Requirement: Each line of data below must be printed exactly as written, with any pictures removed.

Data section:
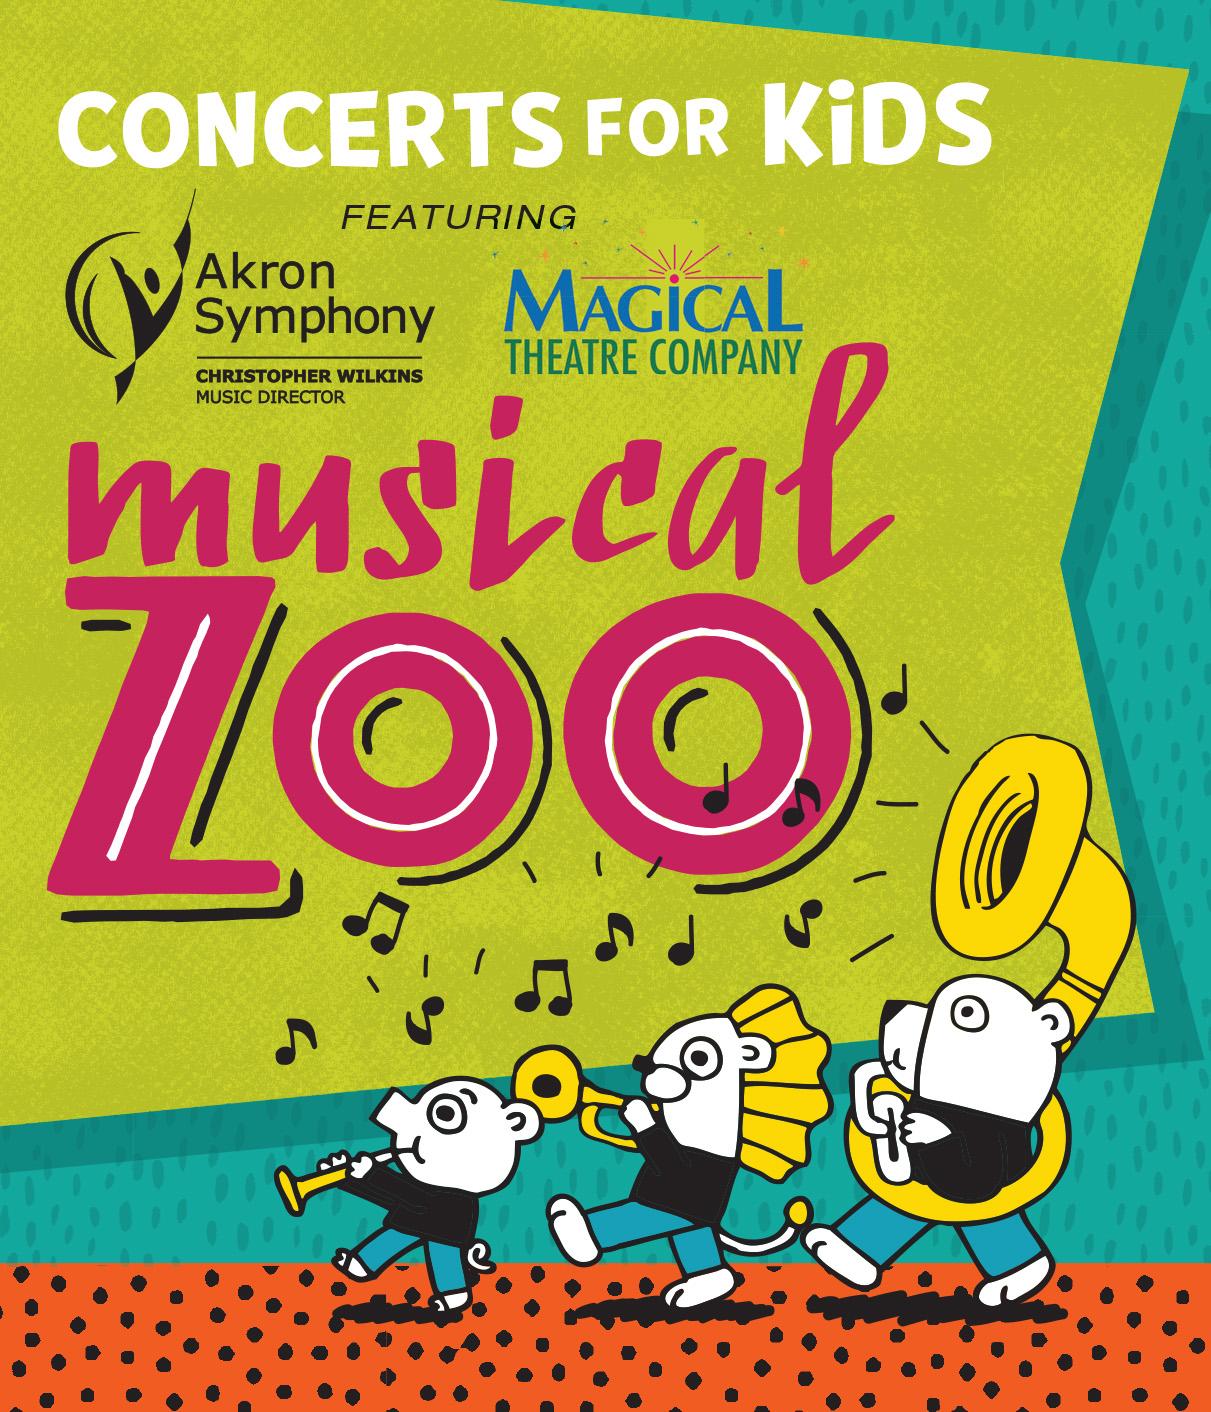 akron symphony orchestra events
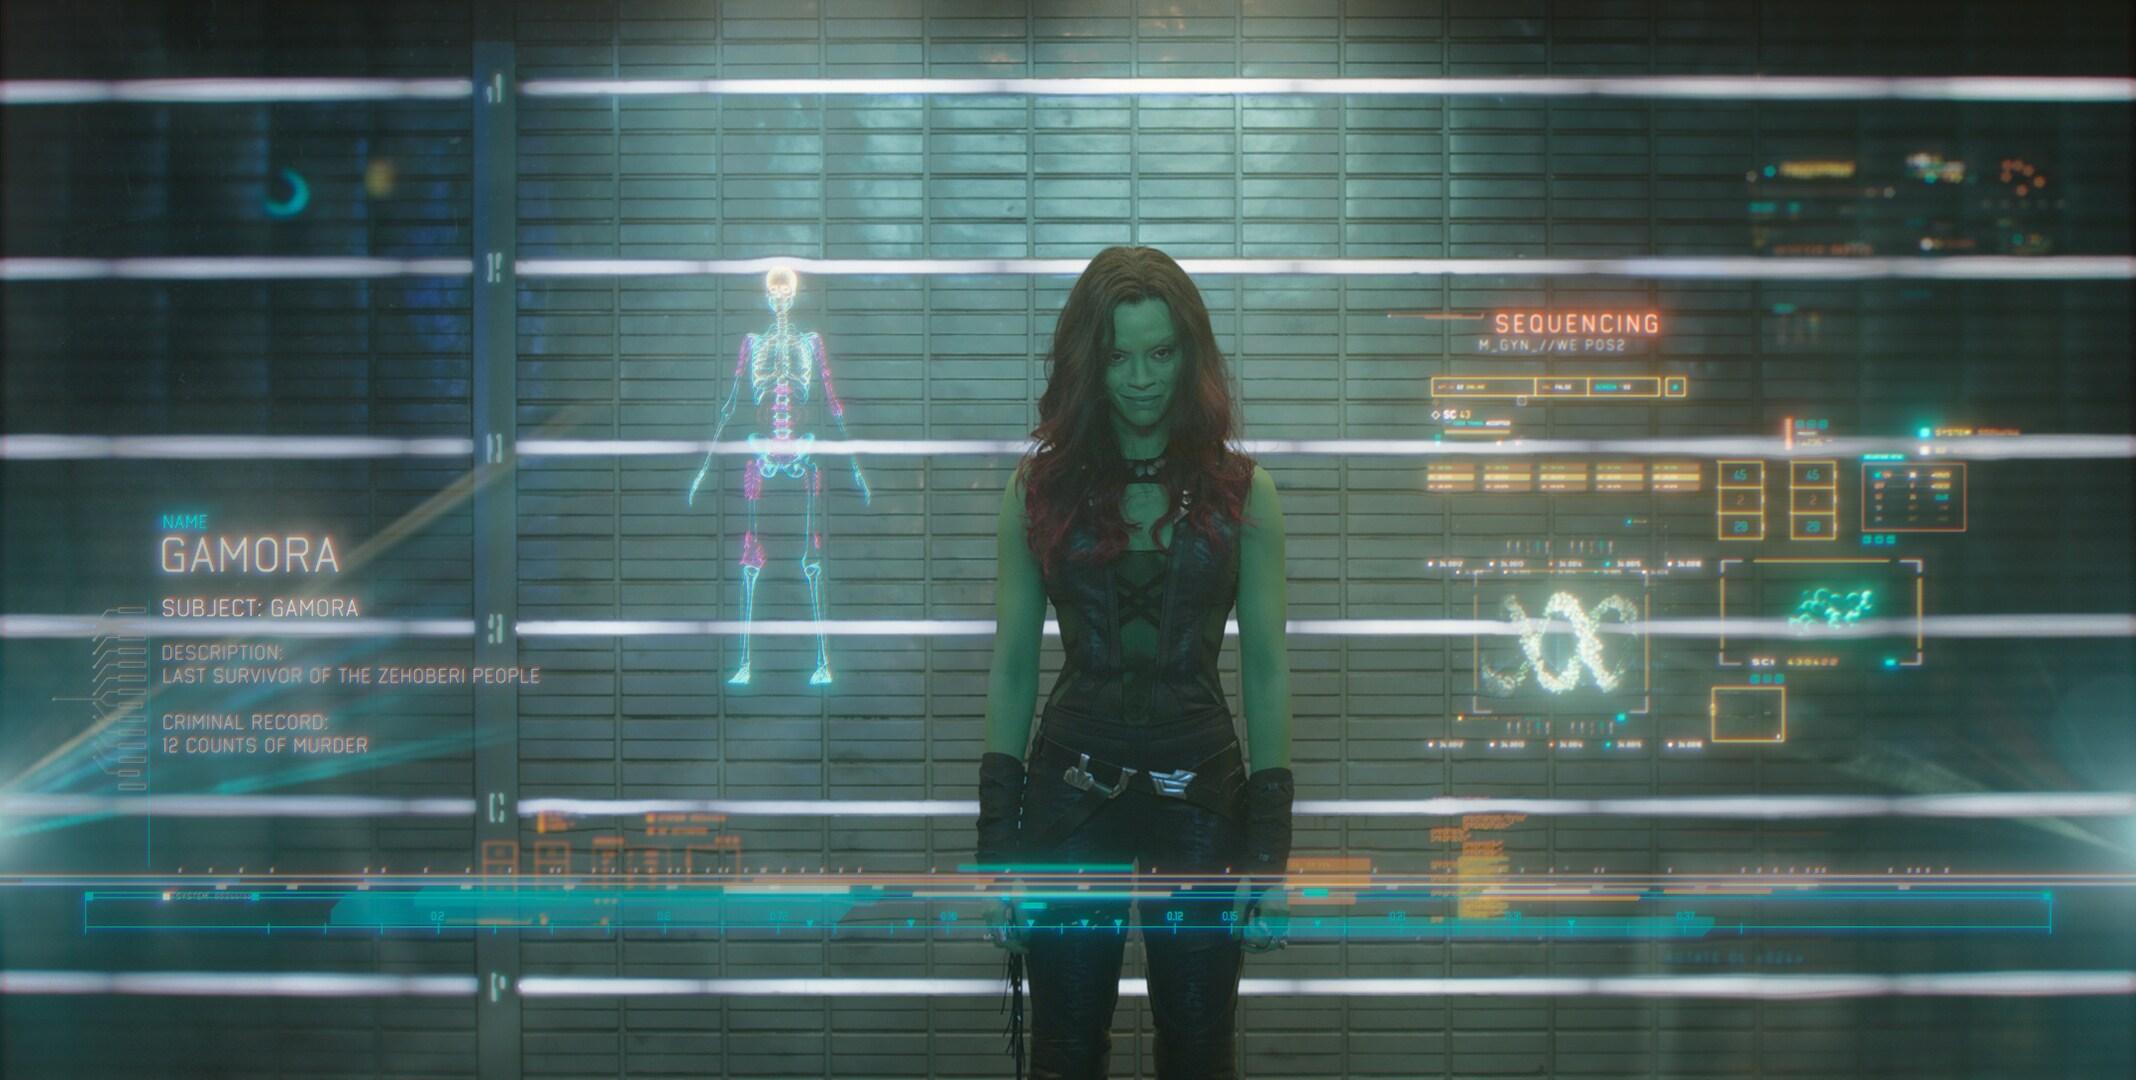 Zoe Saldana as Gamora in the movie Guardians of the Galaxy
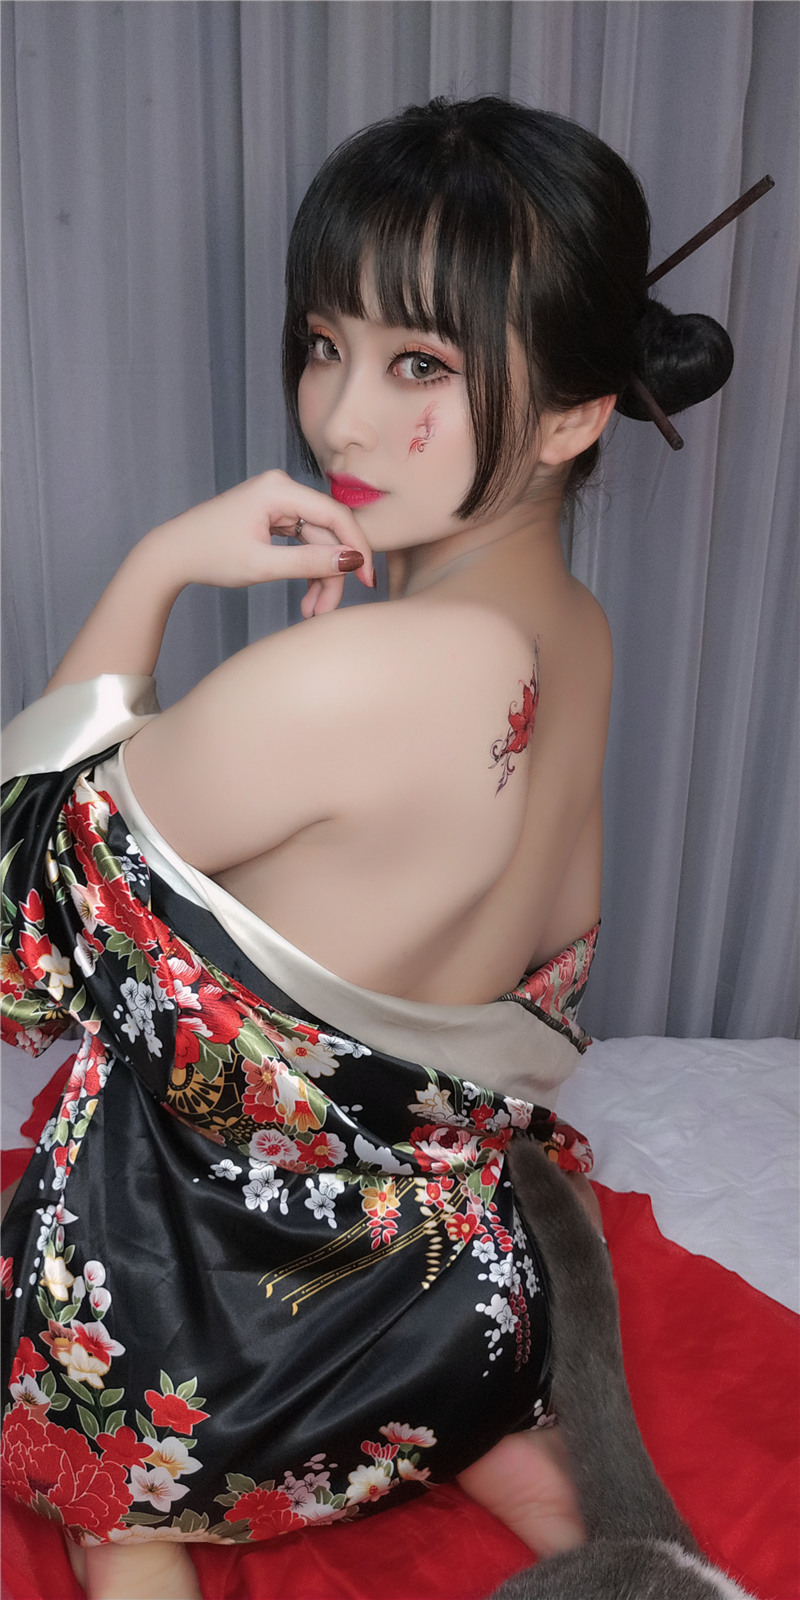 洛璃 LoLiSAMA – 歌舞伎 [92P10V]

Task output:
 akron symphony orchestra events
 Zoe Saldana as Gamora in the movie Guardians of the Galaxy
 洛璃 LoLiSAMA – 歌舞伎 [92P10V]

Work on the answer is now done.